2) rainfall website is analyzed apart from the discrepancy in elevation:Based on each precipitation station point coordinates and height value in 1) step, using formula (1-2) Be calculated any two site distance from and depth displacement, and compare in determination interpolation area between all websites distance and elevation two-by-two Poor maximum D and E, respectively 717 and 2000.
3) weighting parameters are determined:Based on the 2) result of calculation of step and each precipitation station point precipitation observation that 1) step is collected Data sequence, and optimal weighting parameter value C ' is obtained based on calculation expression (4-5) optimizationdWith C 'e, respectively 0.9 and 1.1.Phase Answer function distribution as shown in Figure 6.
4) interpolation point is analyzed apart from the discrepancy in elevation:Based on the 1) each interpolation point coordinates that step determines and height value, using formula (6-7) between each interpolation point of analytical calculation and rainfall website apart from dxjWith depth displacement exj
5) space interpolation is estimated:Based on D, E value and optimal weighting parameter value C' that determine respectively in second step and the 3rd stepd =0.9, C'e=1.1, and the distance and depth displacement 4) between each interpolation point that step is calculated and rainfall website, using formula (8- 11) 2003-2012 intra day ward time sequential values on each interpolation point are estimated day by day.Finally give 2003- in interpolation area Intra day ward space interpolation data in 2012.

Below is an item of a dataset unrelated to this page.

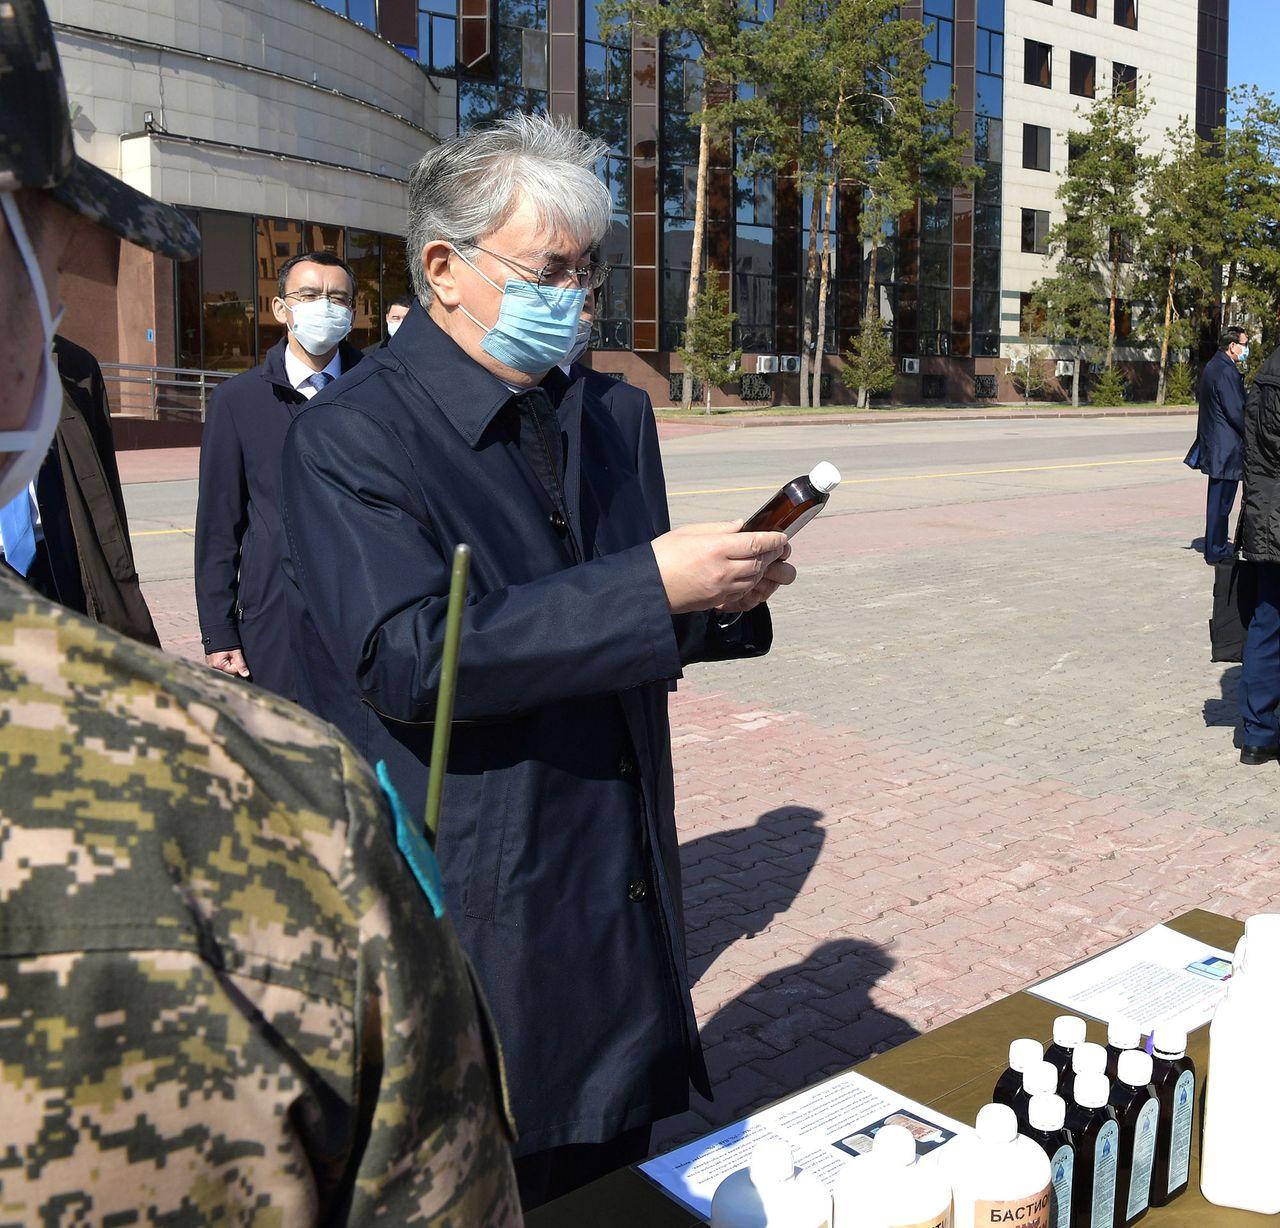 Мемлекет басшысы аумақтық қорғаныс бригадасының әскери қызметшілерімен кездесті
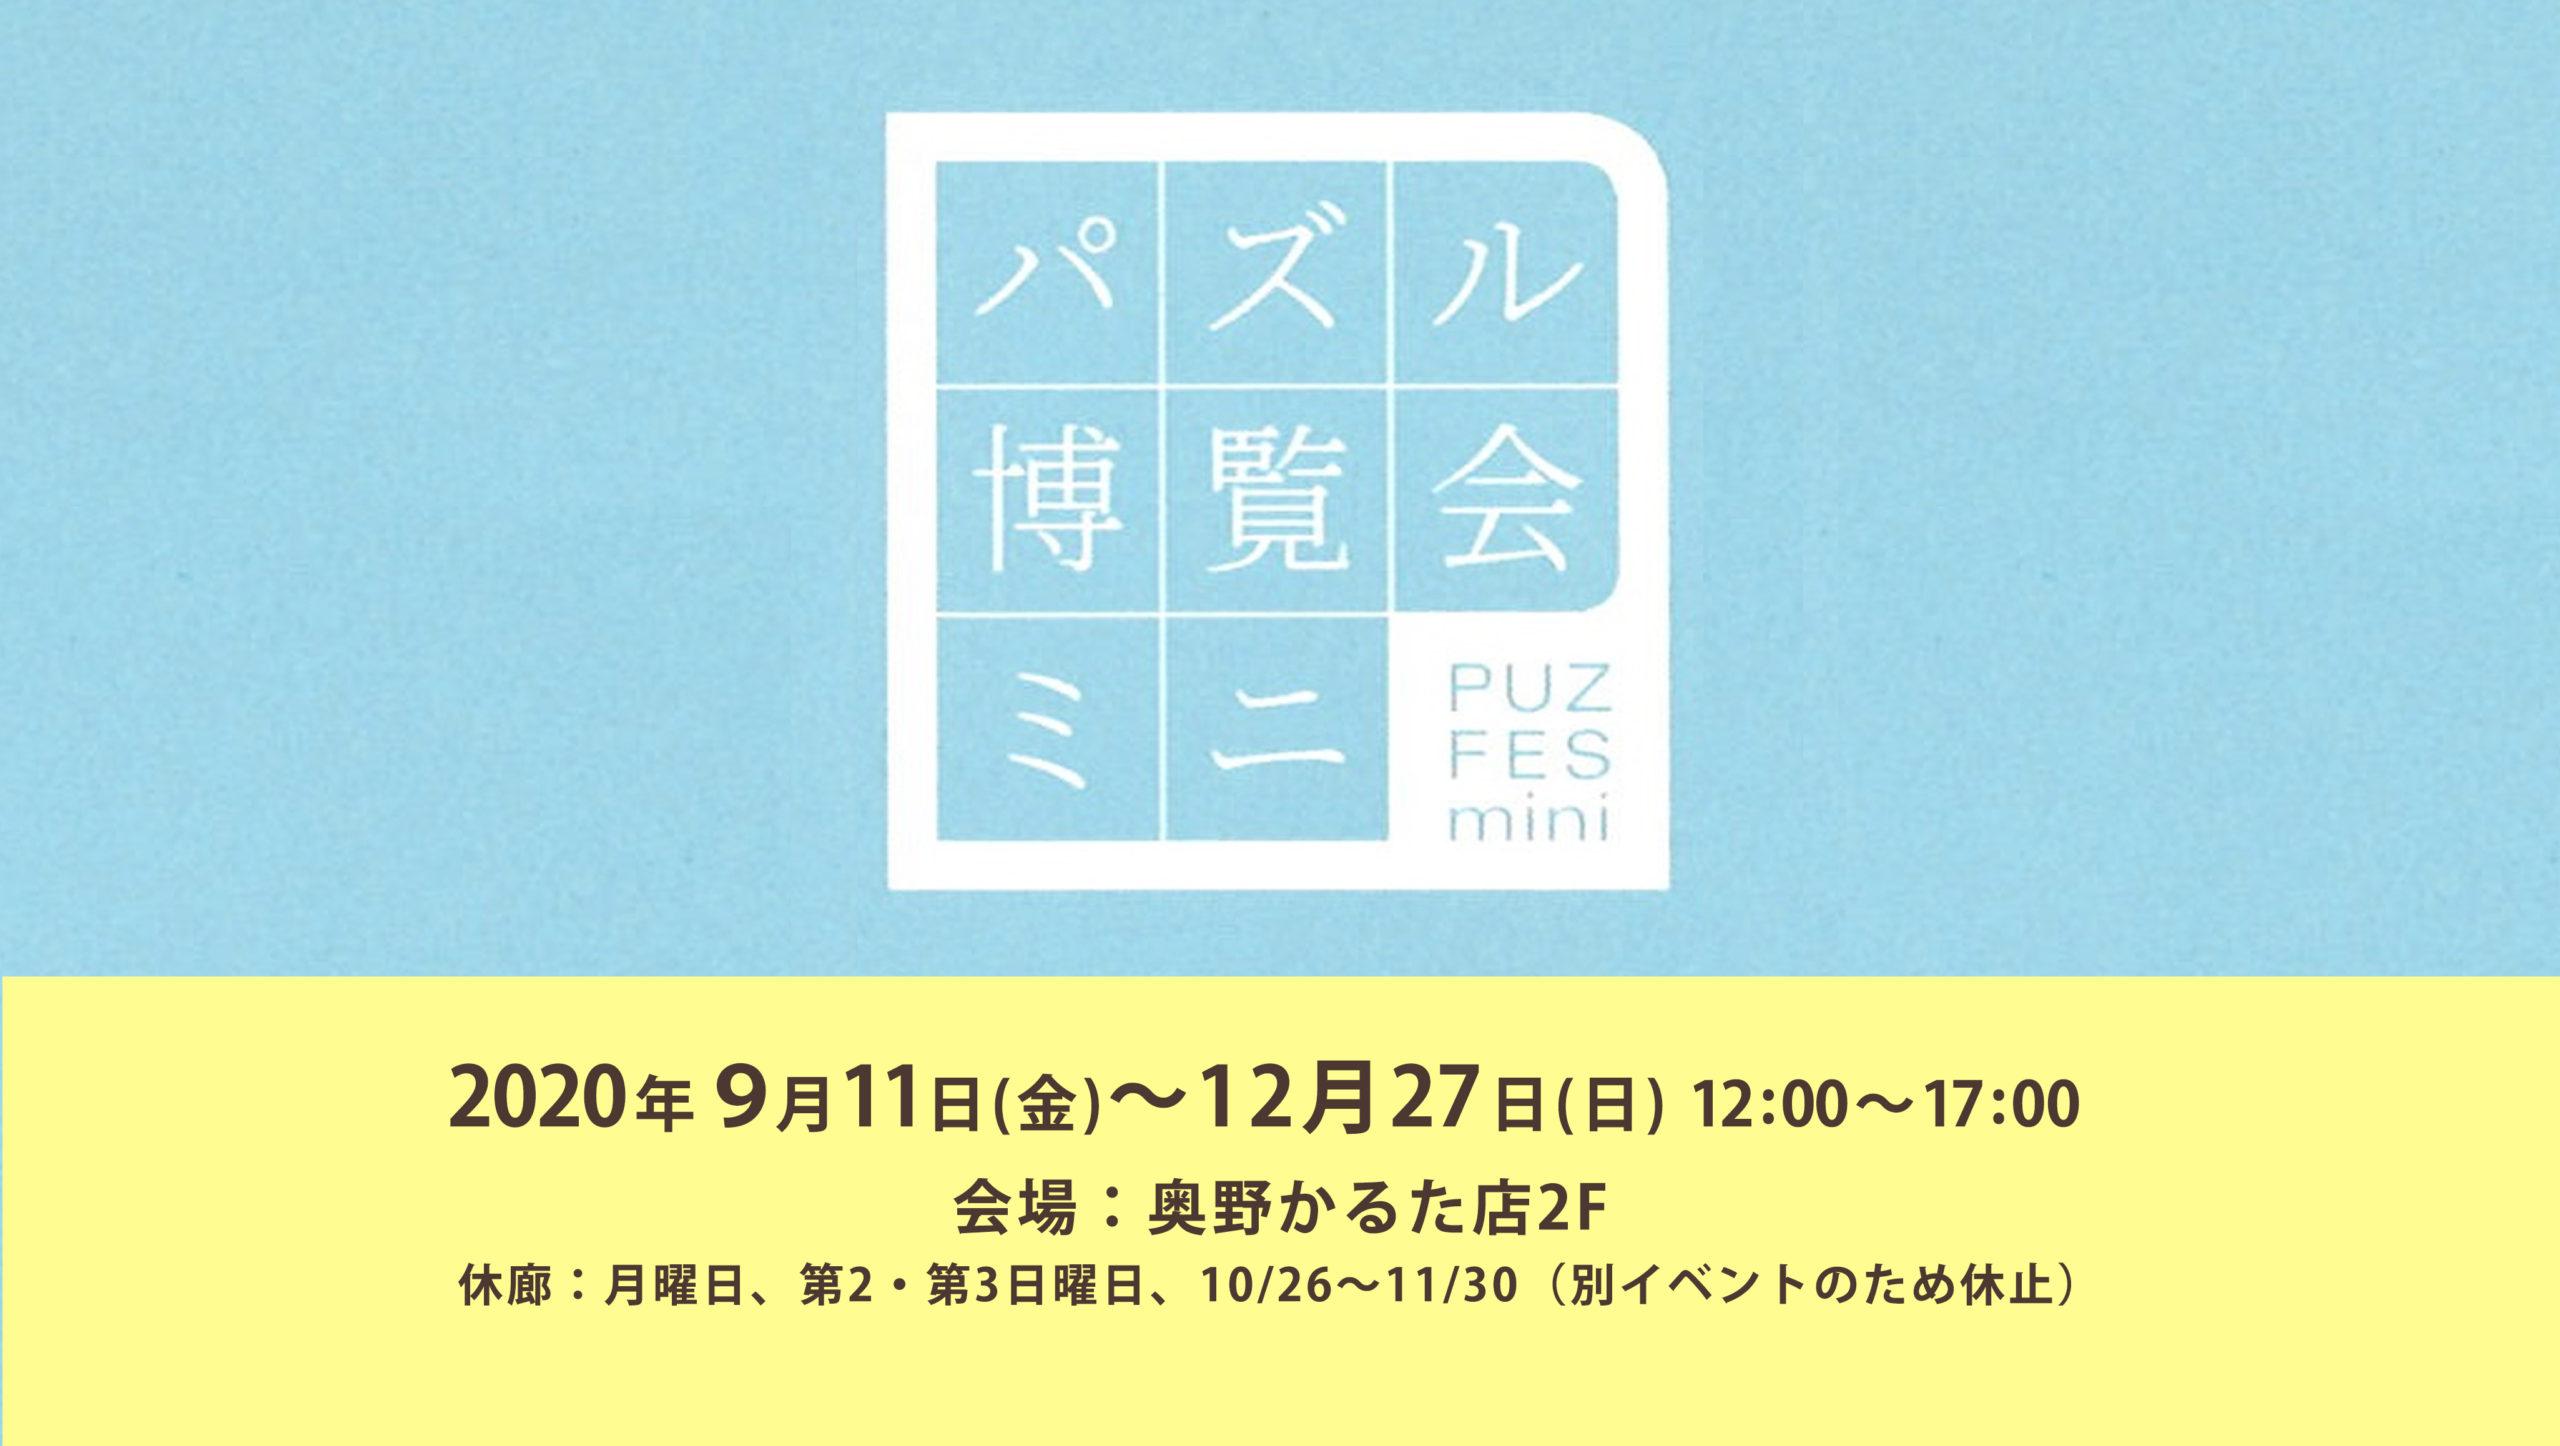 本日より2階にて「ミニパズルフェア」開催!

By the further finishing analysis of 10 year day DS, each interpolation point correspondence grid of the interpolation area can be obtained Average annual precipitation distribution is as shown in Fig. 7 (b).Fig. 7 (a) illustrates the average annual precipitation of each rainfall site location correspondence interpolation grid point Amount measured value situation.Contrast Fig. 7 (a) and (b) rainfall distribution, show dividing based on cross validation and dimensional Gaussian for present invention offer The entitled spatial interpolation method for precipitation of cloth can preferably estimate the space distribution situation of the region annual precipitation, and obtain high-altitude Between resolution grid precipitation data, for hydrology and water conservancy related application analysis.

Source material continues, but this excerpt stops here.